In summary, Frydman and co-workers were able to demonstrate that 13C-based dissolution DNP, combined with both spontaneous and INEPT-driven polarization transfer from carbon to protons, provides a clear 1H signature of the enzymatic processes studied. They eventually concluded that this feature can help decipher NMR-encoded metabolic information in spectra acquired in cellulo. Even though metabolic fluxes from pyruvate to acetaldehyde in S. cerevisiae [85] and of pyruvate to formate in E. coli [79] were measured in the past using d-DNP-enhanced 13C NMR in vitro, close signal proximity and subsequent signal overlap between the metabolic products and their direct precursors complicated these measurements in vivo to a significant extent. Also, the spontaneous transfer to 1H turned out to be particularly superior to other methods, as it allowed the detection of hyperpolarized 1H signals without the need for chemical manipulation of the probe molecule prior to the experiment, or modifications of the dissolution method.

4. para-Hydrogen-Induced Hyperpolarization Side-Arm Hydrogenation (PHIP-SAH) Method for the Detection of Cell Metabolism

As mentioned before, para-hydrogen-induced polarization (PHIP) is a chemistry-based hyperpolarization technique which, to a certain extent, is easier to handle and more straightforward to use when compared with DNP. This is due to the fact that (i) no additional NMR set-up extension, i.e., polarizer equipment, is needed, and (ii) polarization times are significantly shorter. The main drawback of the method in the context of in-cell NMR studies, however, is the limited availability of unsaturated precursor molecules with respect to the desired target compounds to be studied; for instance, nuclear spin-polarized acetate and pyruvate cannot be obtained by direct incorporation of the para-hydrogen molecule. The advent of non-hydrogenative PHIP (NH-PHIP; see below) only partially resolved this problem, given that the obtained levels of hyperpolarization in the target compounds are significantly lower as compared to using, for example, the adiabatic longitudinal transport after dissociation engenders net alignment (ALTADENA)-PHIP method. Furthermore, not all substrates of interest are suitable for NH-PHIP, given that certain requirements with respect to their molecular and electronic structure must also be fulfilled in this case.

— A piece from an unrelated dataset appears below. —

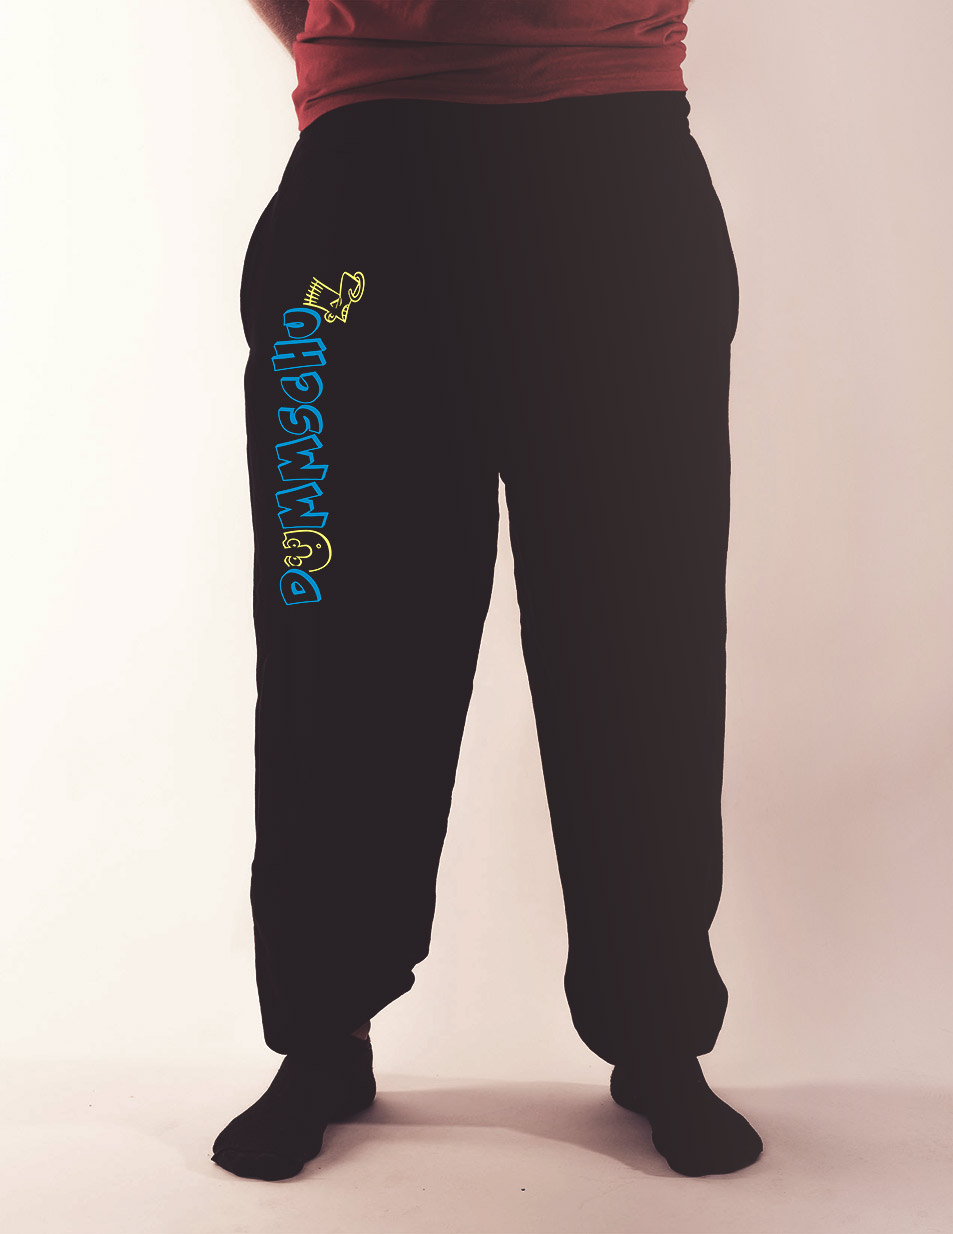 Herren-Jogginghose Dummschul mehrfarbig auf schwarz

Molecular dihydrogen occurs in the form of two nuclear spin isomers, i.e., the ortho- and the para-isomer, featuring either symmetric (triplet) or antisymmetric (singlet) nuclear spin states, respectively. Due to the three-fold degeneracy of the triplet state, ortho- and para-isomers are populated in a ratio of 3:1 under ambient conditions [87]. Interconversion between the two is symmetry forbidden and occurs, hence, at a negligibly small rate. However, when H2 gas is flowed through an appropriate apparatus comprising a paramagnetic catalyst, i.e., activated charcoal, at low temperatures, a high enrichment of the para spin isomer can be achieved and observed at standard temperatures [88] due to this form being lower in energy.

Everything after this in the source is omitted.